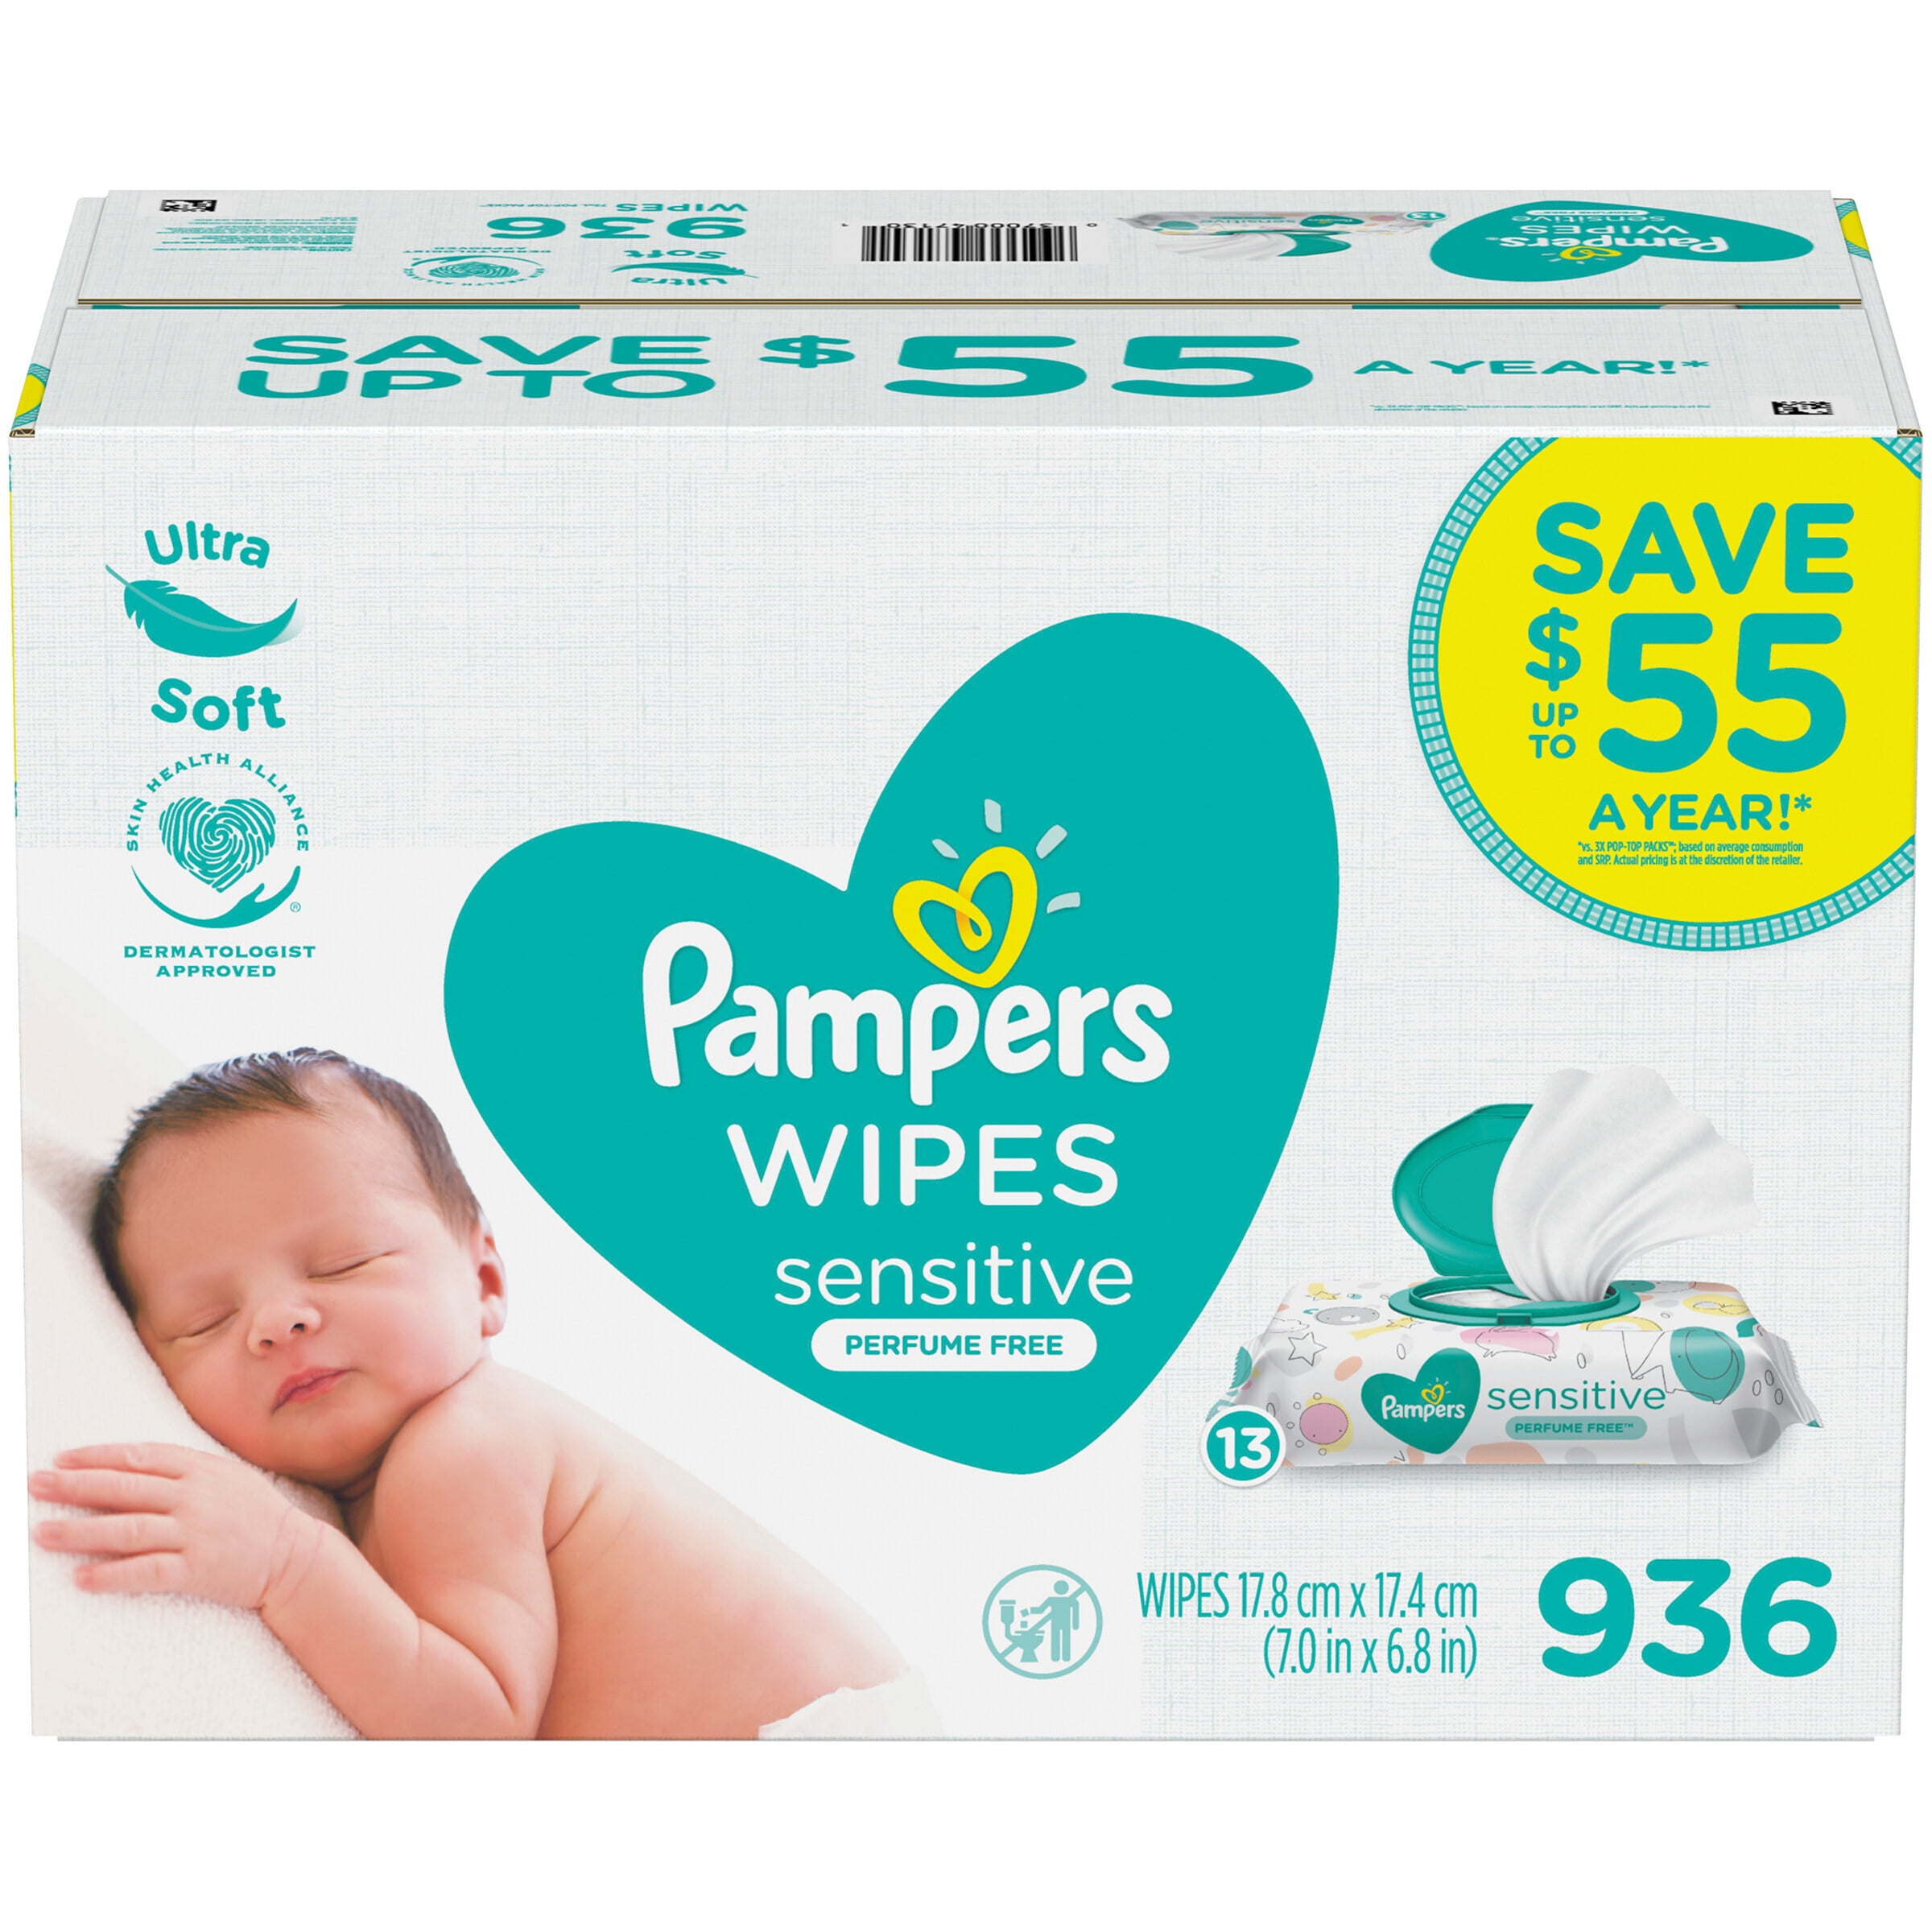 PAMPERS Sensitive Baby Wipes 1024ct.FREE SHIPPING 
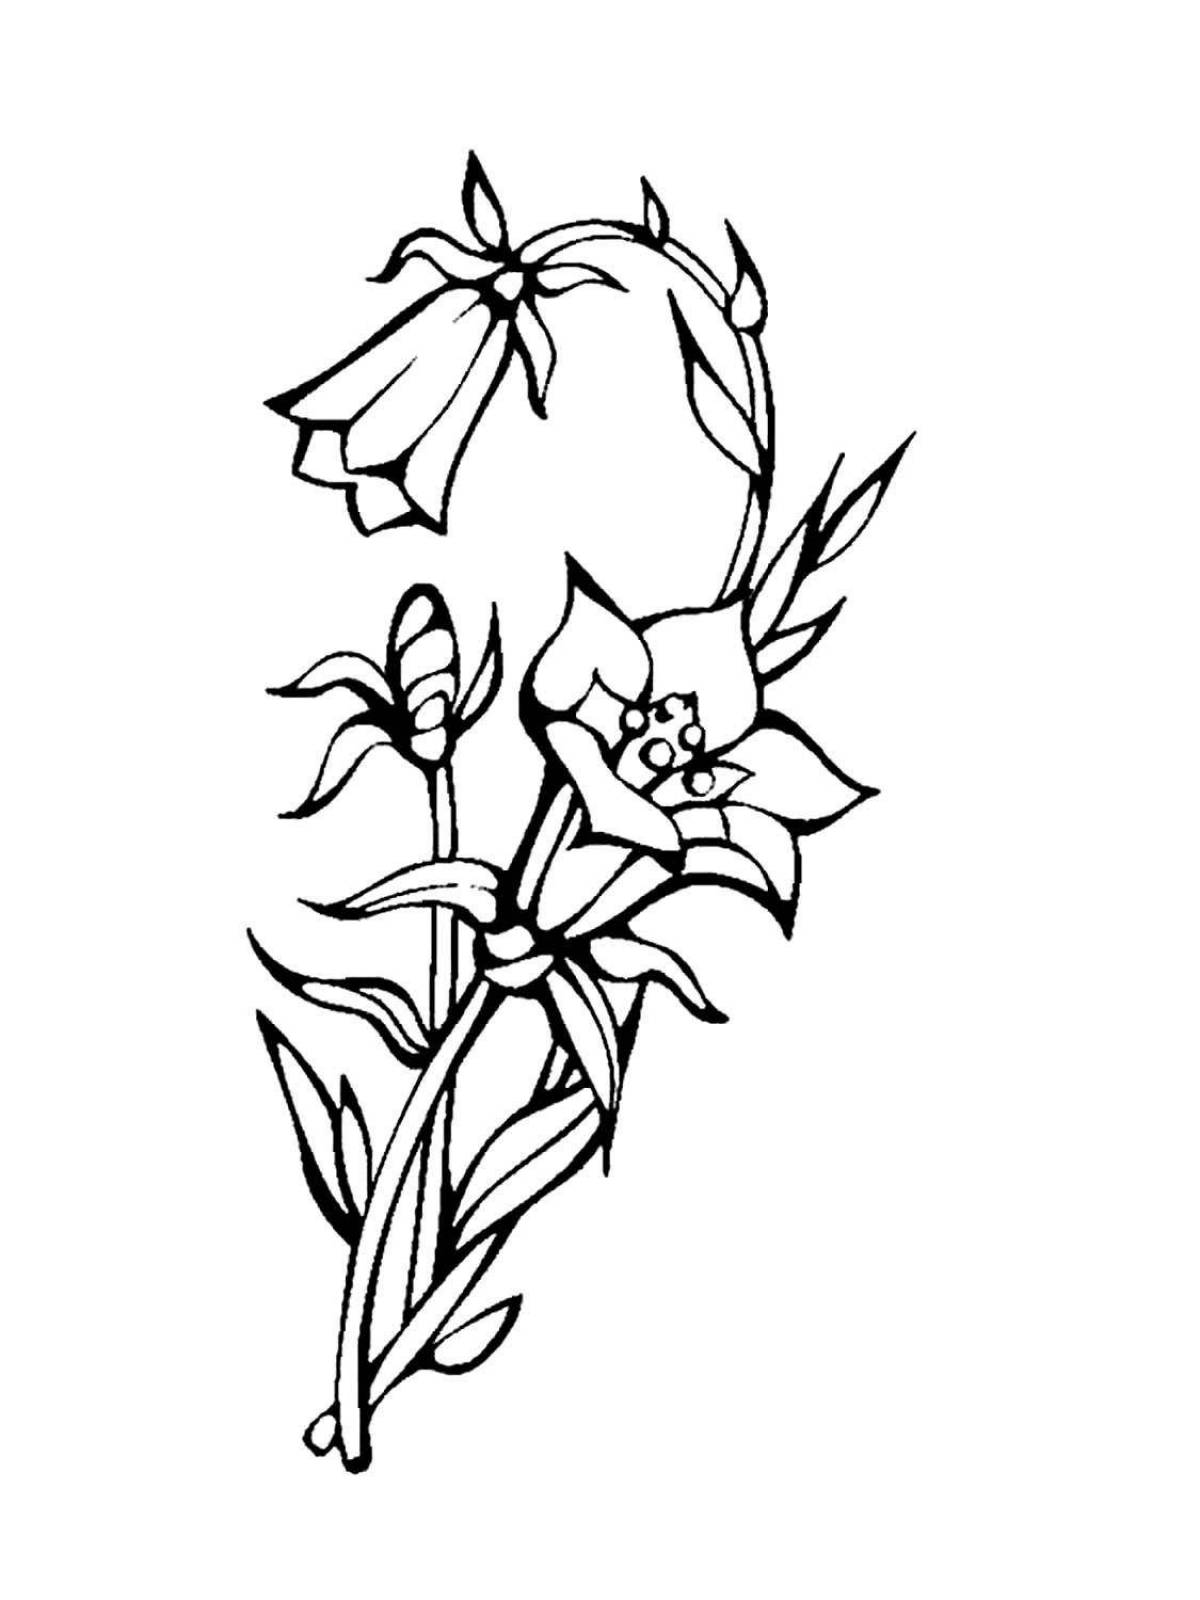 Coloring fairytale flower bell
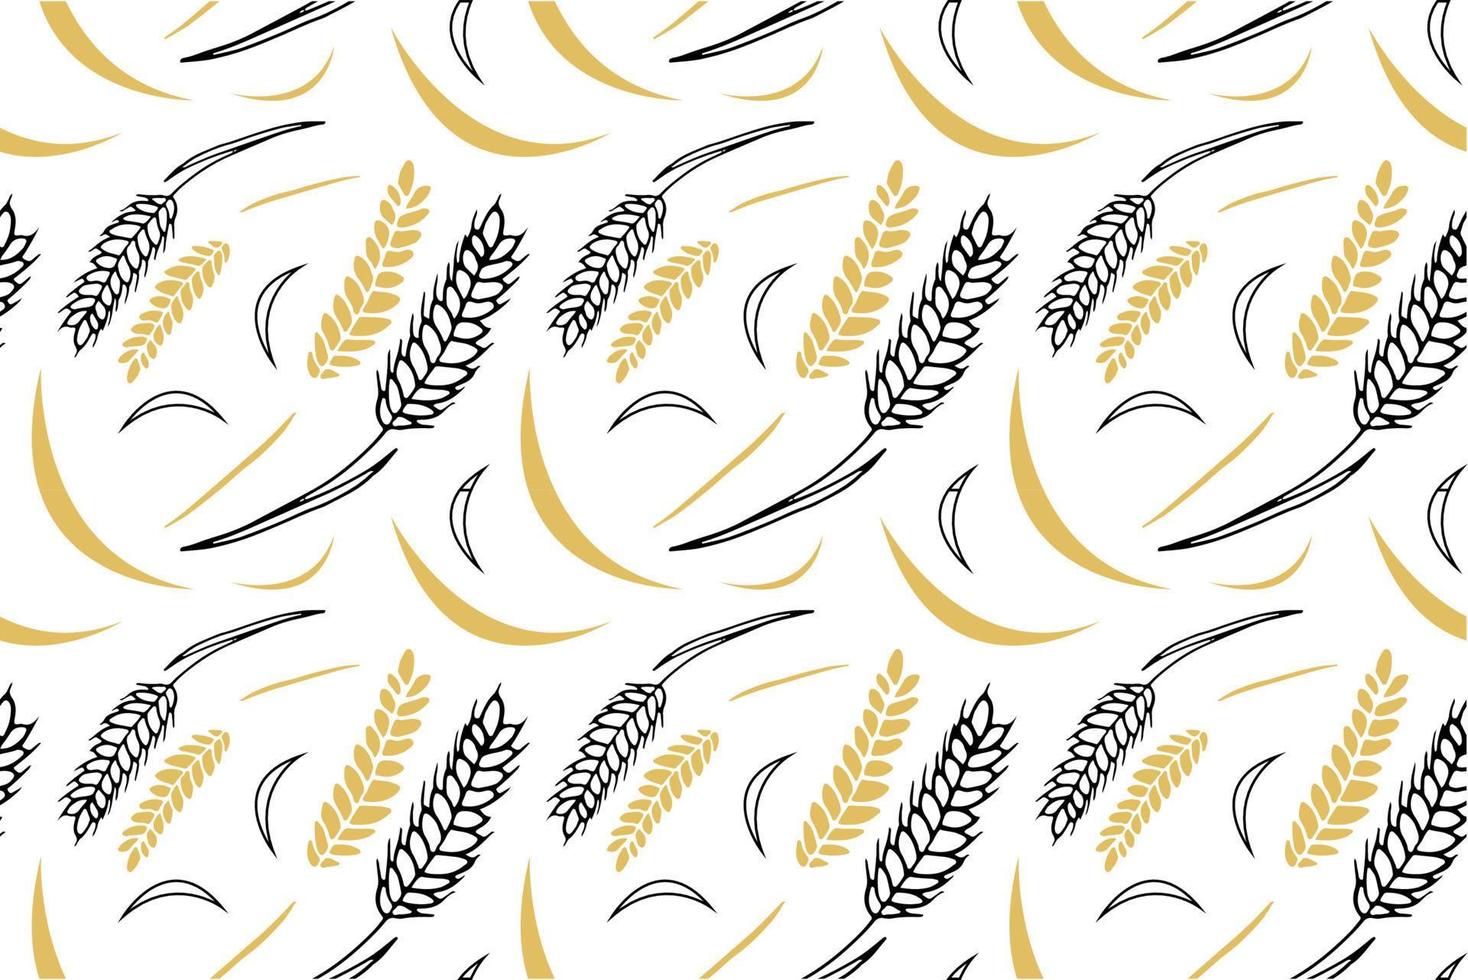 Wheat seamless pattern Doodle style. Vector outline endless image. Trendy wheat theme pattern.
● ● ● ●
**WHAT THE TASK REQUIRES:** From the first line to the last, give the data again exactly, but without pictures.

**RESPONSE BOX:**
 PAMPERS Sensitive Baby Wipes 1024ct.FREE SHIPPING 
 Coloring fairytale flower bell
 Wheat seamless pattern Doodle style. Vector outline endless image. Trendy wheat theme pattern.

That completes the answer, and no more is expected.